Eine Mitgliedschaft bei BNI kostet in Österreich knapp 960 Euro netto pro Jahr. Dafür geboten werden Branchenexklusivität in der Gruppe, Zugang zum internationalen Netzwerk und die Teilnahme an fünf Workshops für beliebig viele Mitarbeiter. Für Lifka ist die Mitgliedschaft jedenfalls profitabel. „Ich mache durchschnittlich 50 bis 60 Prozent meines Jahresumsatzes über Empfehlungen, die aus dem Netzwerk resultieren“, sagt der Fotograf. Voraussetzung für den Erfolg bei BNI seien eine konkrete Positionierung und klare Planung der Netzwerkaktivitäten, der Besuch der Workshops und die regelmäßige Anwesenheit bei den Meetings, aber auch Engagement für die Teamkollegen. Er selbst nutze zwar für die Kommunikation seines Unternehmens auch soziale Netzwerke, Mehrumsatz bringe ihm bisher allerdings ausschließlich BNI. „Das liegt für mich vor allem am Mindset von BNI-Unternehmern – Gespräche sind hier fast immer zielorientiert und darauf ausgerichtet, in Erfahrung zu bringen, wer ein interessanter Kunde ist und wie man einander bei potenziellen Wunschkunden ins Gespräch bringen kann.“
Jünger als BNI ist das europäische und EU-kofinanzierte Netzwerk Enterprise Europe Network (EEN) – eine Initiative der EUKommission zur Förderung grenzüberschreitender Tätigkeit und Vernetzung von KMU. Sowohl die europäische als auch die österreichische Organisation wurden 2008 gegründet.
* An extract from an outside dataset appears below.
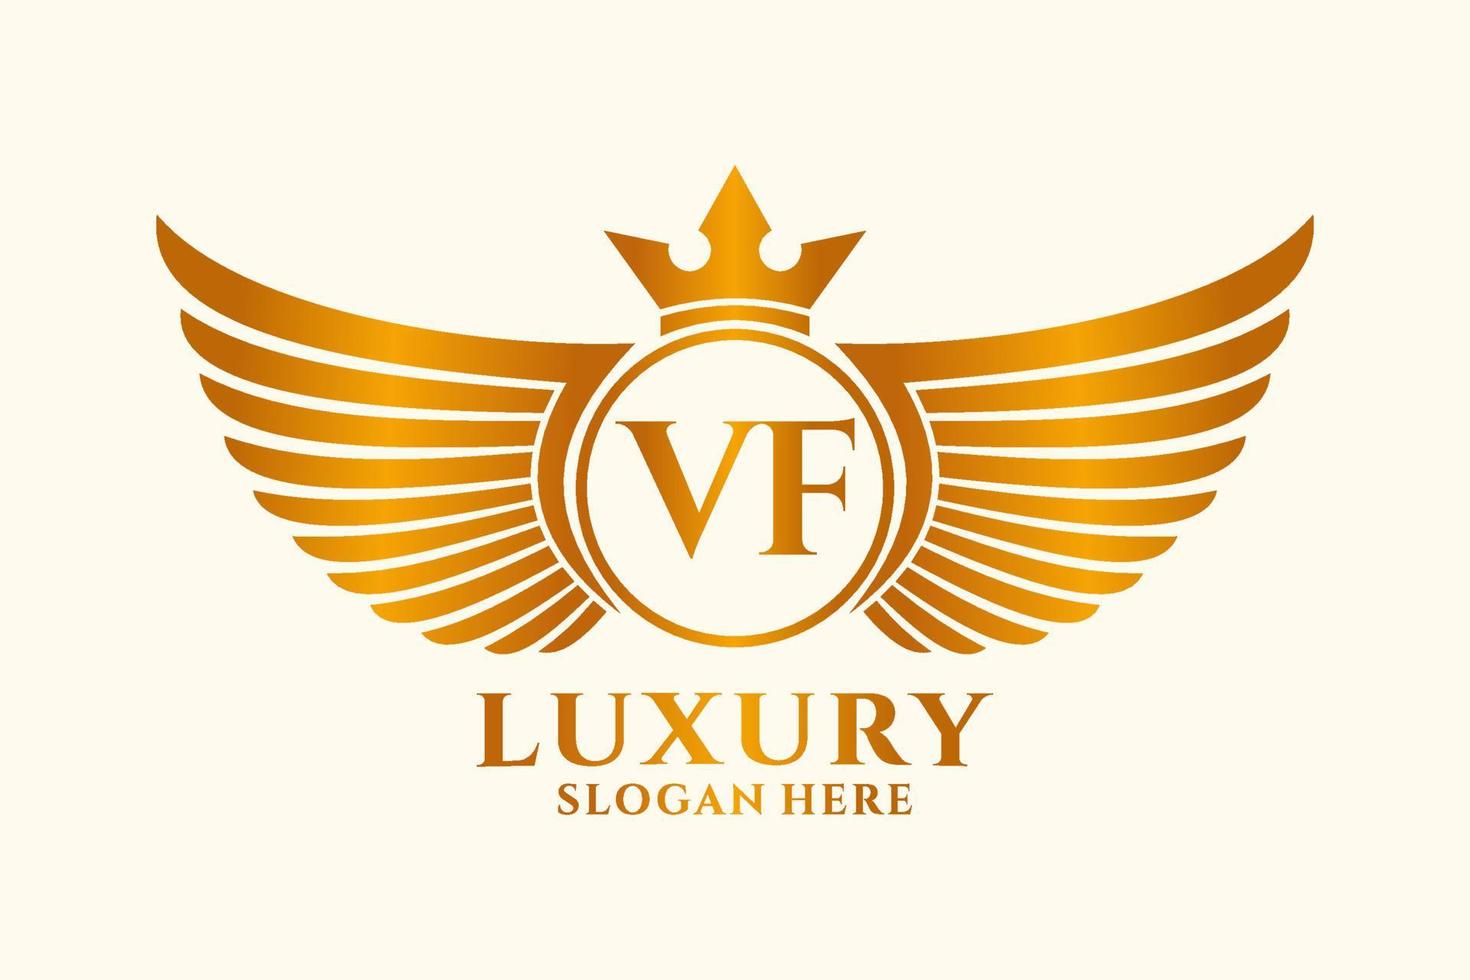 luxe Koninklijk vleugel brief vf kam goud kleur logo vector, zege logo, kam logo, vleugel logo, vector logo sjabloon.

Mitglieder in diesem Netzwerk sind nicht die einzelnen Unternehmen, sondern die gemeinnützigen KMU-Organisationen des jeweiligen Landes, also hauptsächlich Kammern, aber auch etwa Unternehmerverbände, regionale Wirtschaftsagenturen oder Technologieförderstellen.
Europäische Datenbank
Die Unternehmen können sich an den regional oder thematisch zuständigen EEN-Partner wenden und sich auch auf dem sogenannten B2B-Marktplatz registrieren lassen. „Das heißt, sie können passende Unternehmensprofile aus anderen Ländern automatisch abfragen oder ein eigenes Unternehmenskooperationsprofil von uns erstellen lassen und somit aktiv in der Matching-Datenbank für andere KMU sichtbar sein“, sagt Heinz Kogler, Leiter von EEN in der Wirtschaftskammer Österreich. „Das vom regionalen EEN-Partner zusammen mit dem KMU erstellte Kooperationsprofil muss extern über Brüssel überprüft werden, damit nur hochqualitative Profile in die Datenbank gelangen.“Über das Profil hinaus würden weitere Beratungsleistungen geboten, etwa Informationen zur CE-Kennzeichnung, zu grenzüberschreitenden Dienstleistungen, EU-Förderungen oder Binnenmarkthemmnissen, aber auch Innovationscoaching.